The Government of Argentina will not renew around 5,000 public contracts next year and will review more than one million social plans to detect irregularities, as reported this Tuesday by presidential spokesman Manuel Adorni.

Adorni also announced that public contracts signed up in 2023 that end on December 31 will not be renewed in 2024, while the rest will enter a ninety-day review process.

At a press conference at the Casa Rosada, the spokesperson specified that this measure will affect all temporary employees of the federal Administration and those of various public entities in Argentina, and that only workers in state companies and companies will be excluded.
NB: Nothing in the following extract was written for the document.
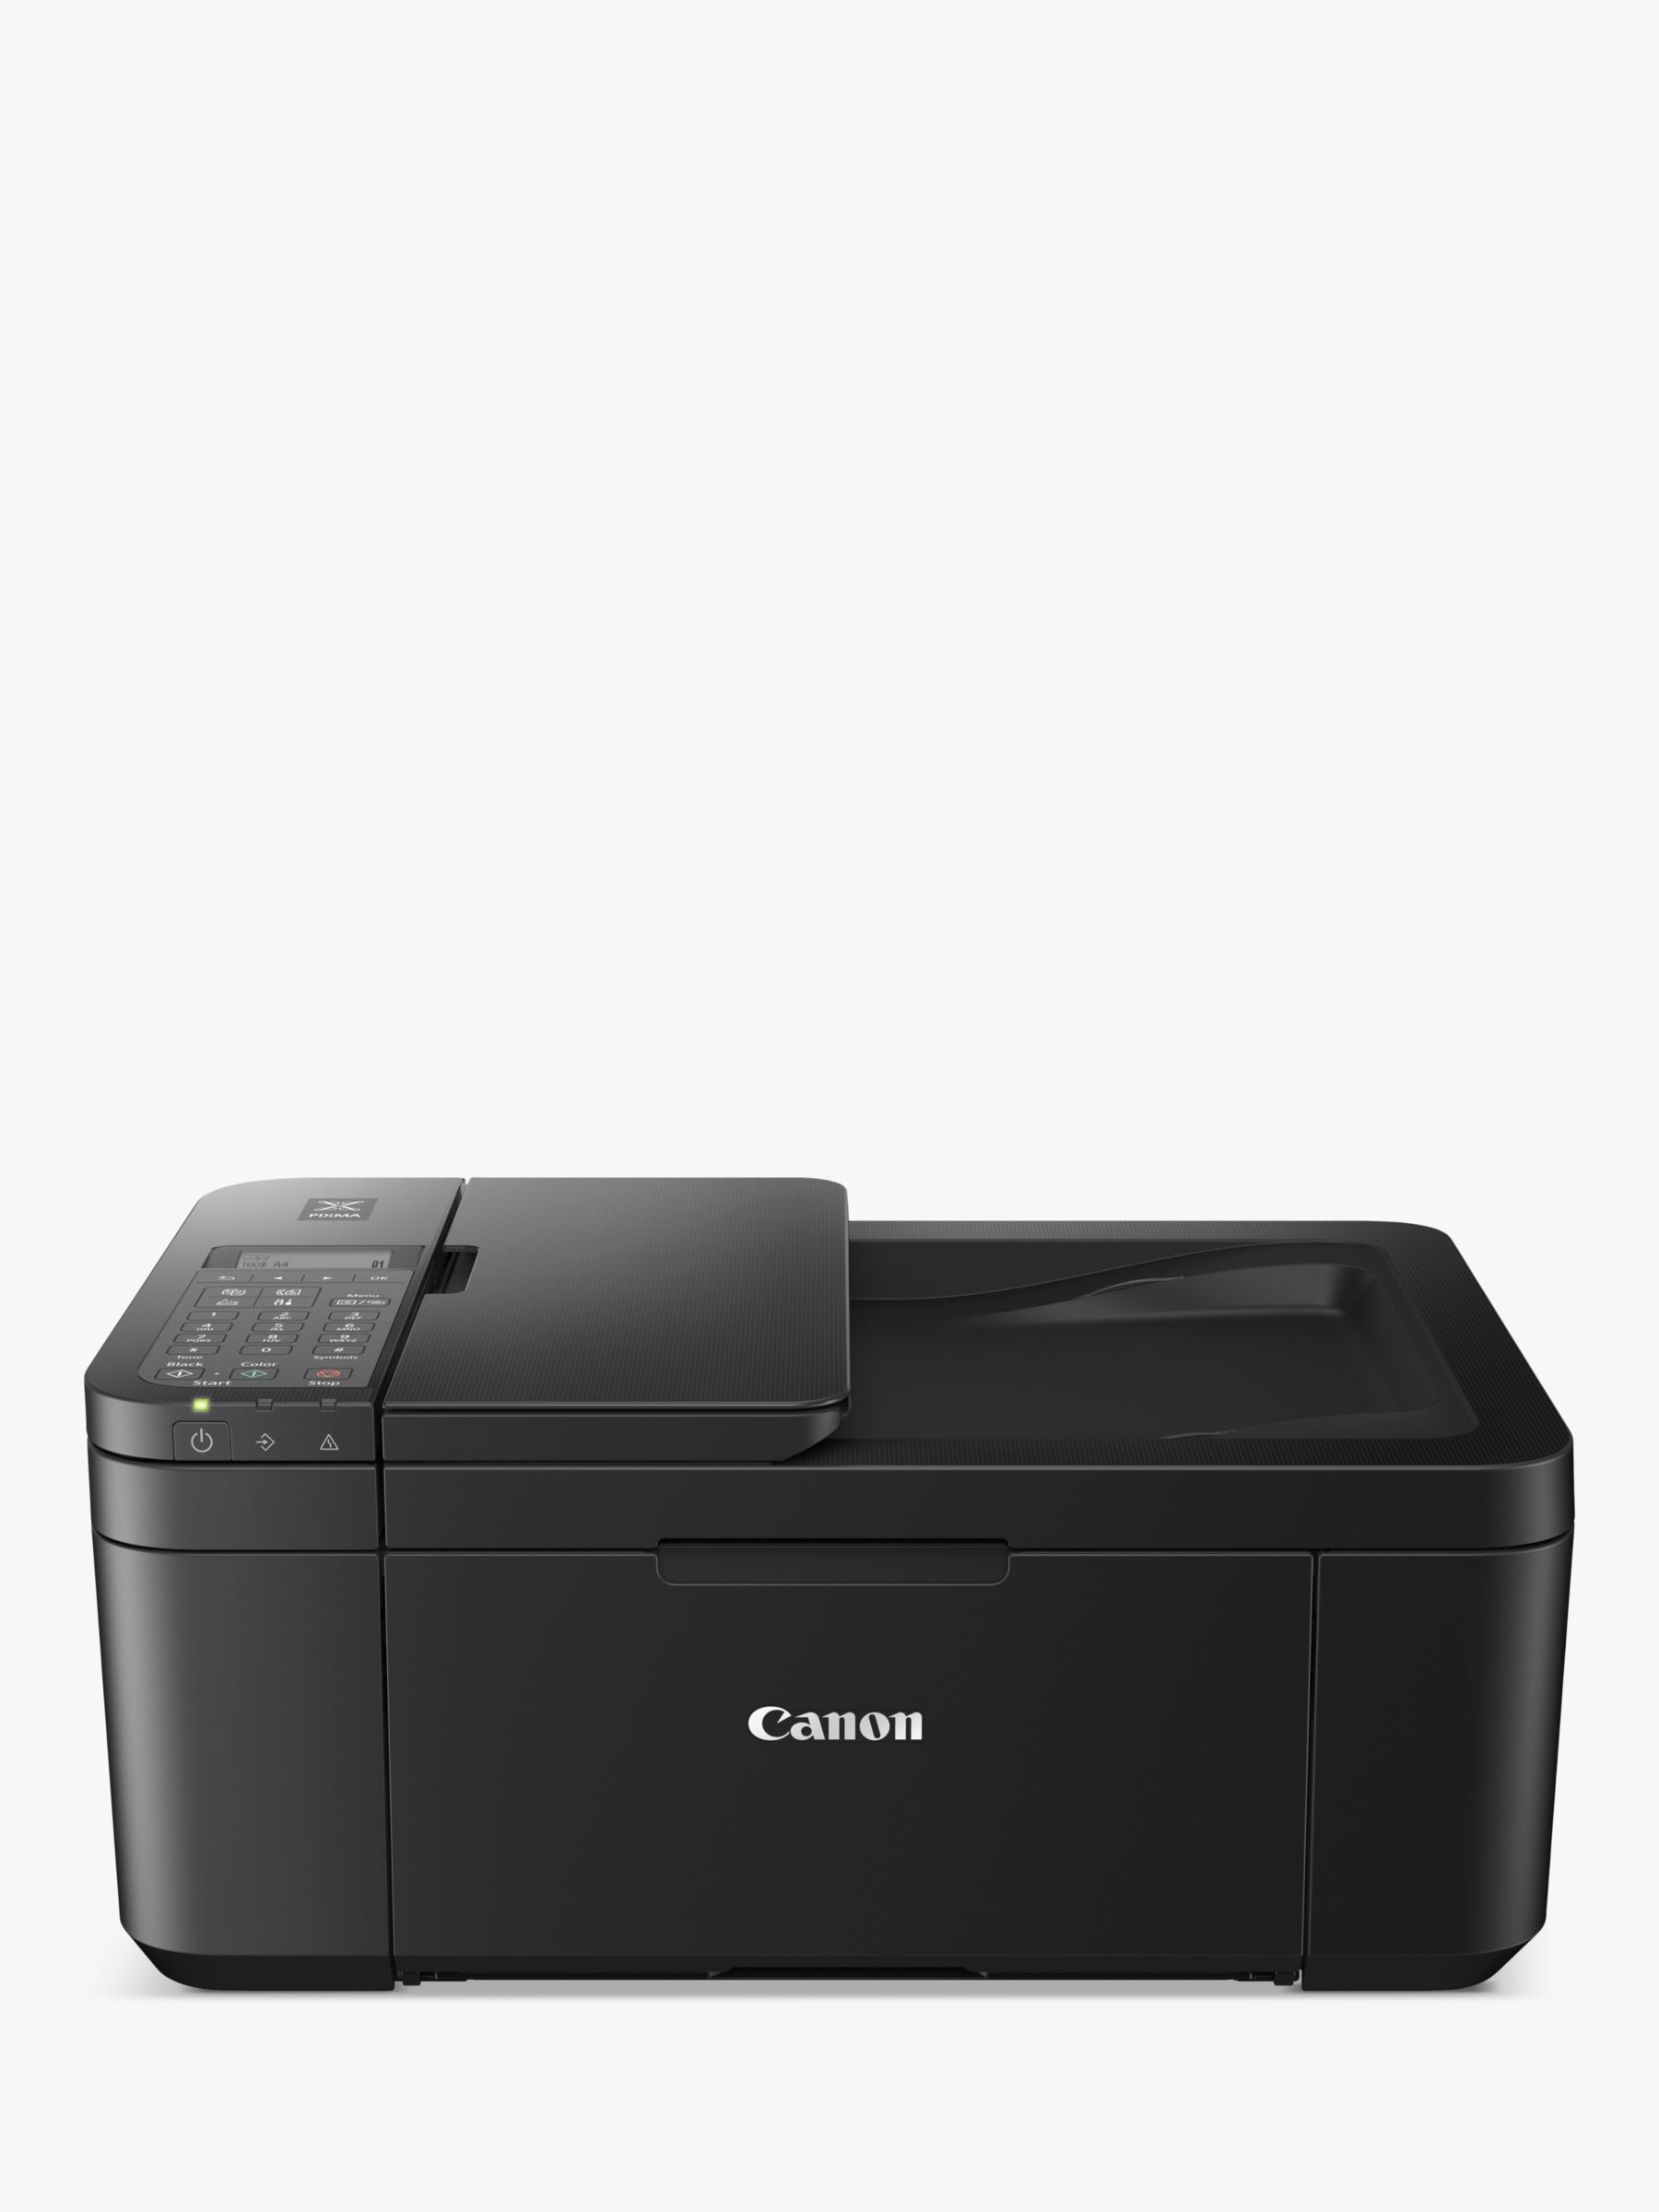 PIXMA Black Canon Wireless Wi-Fi TR4750i Printer, All-in-One

Regarding social plans, the Argentine Executive will begin the audit of more than one million social plans and predicts, based on calculations from judicial investigations, that 160,000 beneficiaries could be receiving this aid in an “irregular” manner.

According to the spokesperson, these plans would have a total value of 10,000 million Argentine pesos (12.45 million dollars). “Argentines should not be responsible for this money,” Adorni emphasized.

The objective of the Argentine Government is “to make the system transparent, to ensure that those who need it are paid and that (the social plans) stop functioning as a business for intermediaries and the heads of social organizations.”

Precisely, a part of these social and union organizations demonstrated last Wednesday in Buenos Aires, coinciding with the 22nd anniversary of the protests of December 2001, which in the economic sphere led to what is known as the banking ‘corralito’, and in politics caused the resignation of the radical president Fernando de la Rúa (1999-2001).

The General Confederation of Labor (CGT), the powerful and majority federation of Argentine unions, with a Peronist orientation, did not participate in last week’s mobilizations.

Cegetista leaders and sympathizers are expected to mobilize tomorrow in Buenos Aires in protest of the decree of necessity and urgency signed last week by the Argentine president, Javier Milei, pending approval by the Argentine chambers and which represents the practical deregulation of the entire economy of the country.